### What to work on
Please reproduce the listing word for word. Pictures stay out.

Start of Data extract

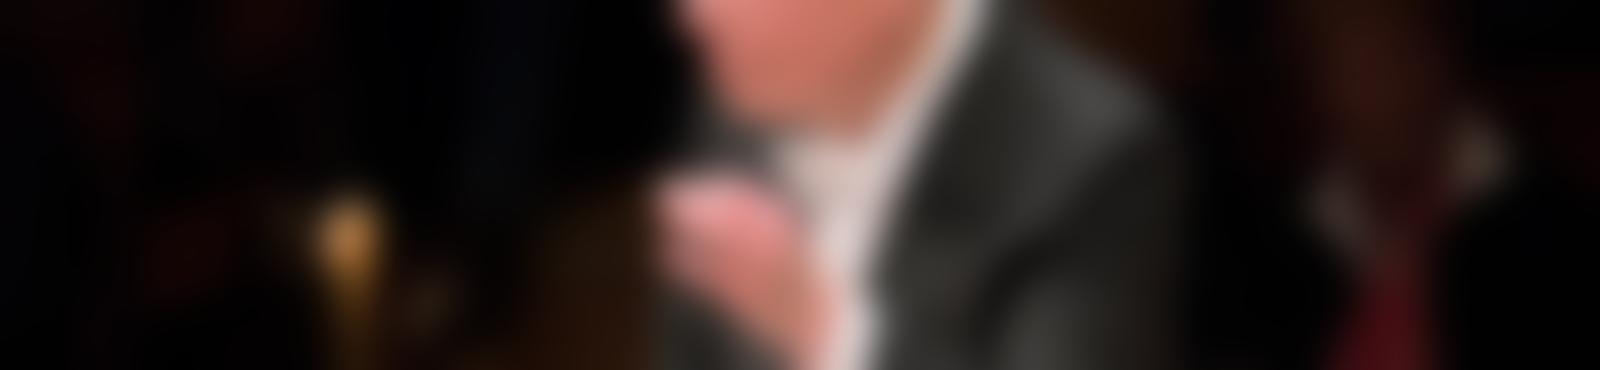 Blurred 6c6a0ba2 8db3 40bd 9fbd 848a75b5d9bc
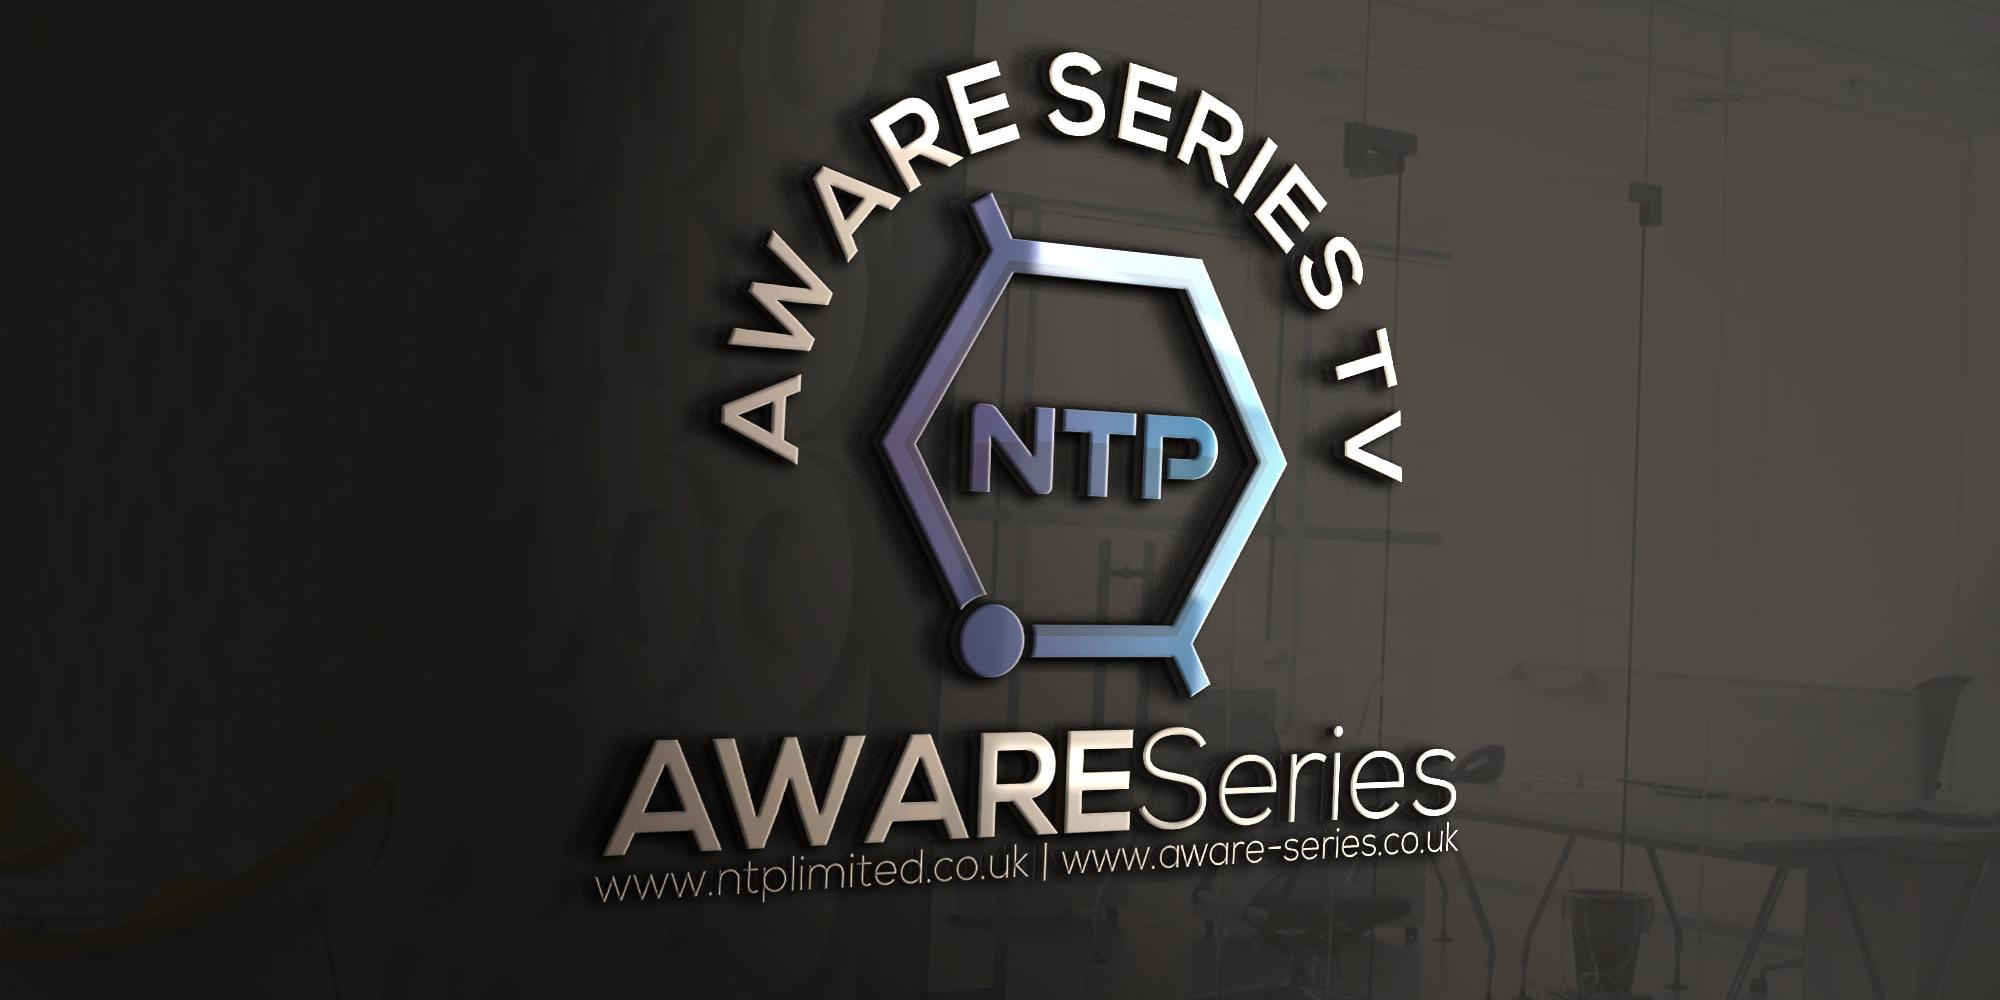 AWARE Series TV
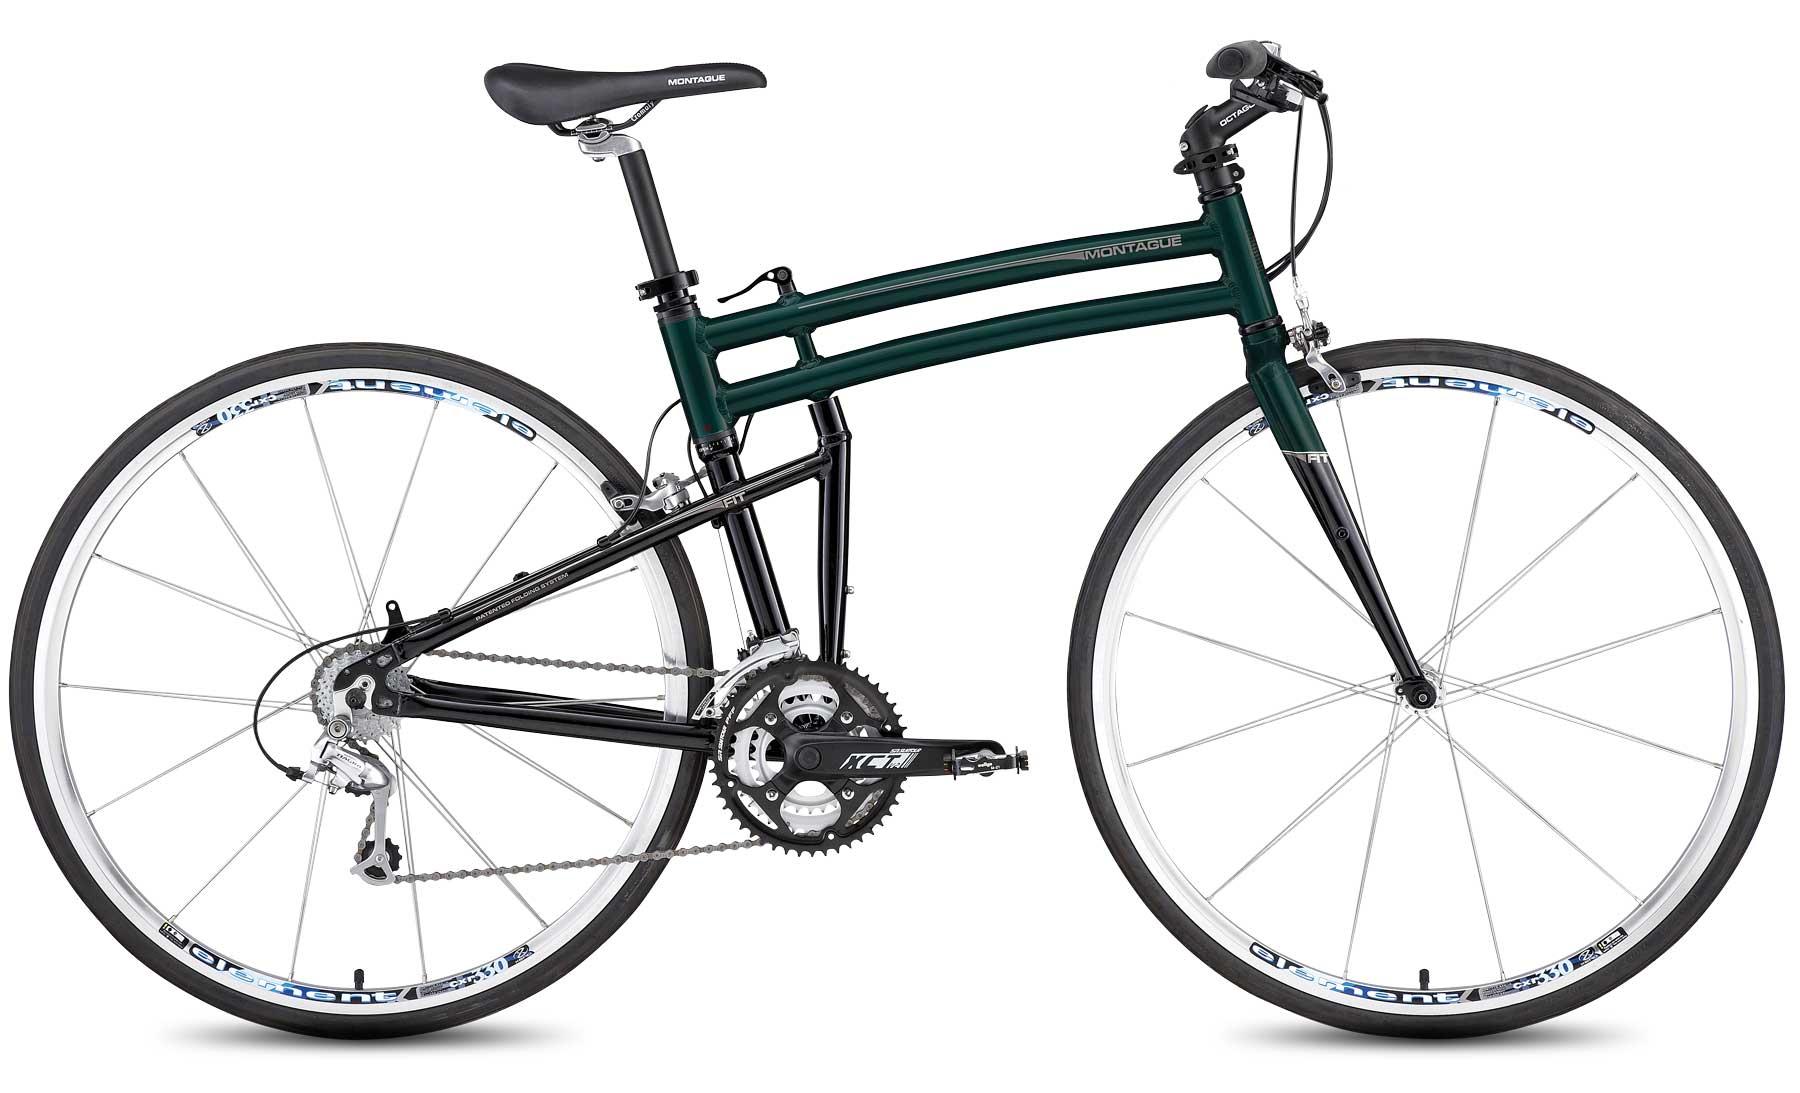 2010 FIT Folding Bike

End of Data extract

### Exercise output
 Blurred 6c6a0ba2 8db3 40bd 9fbd 848a75b5d9bc
 AWARE Series TV
 2010 FIT Folding Bike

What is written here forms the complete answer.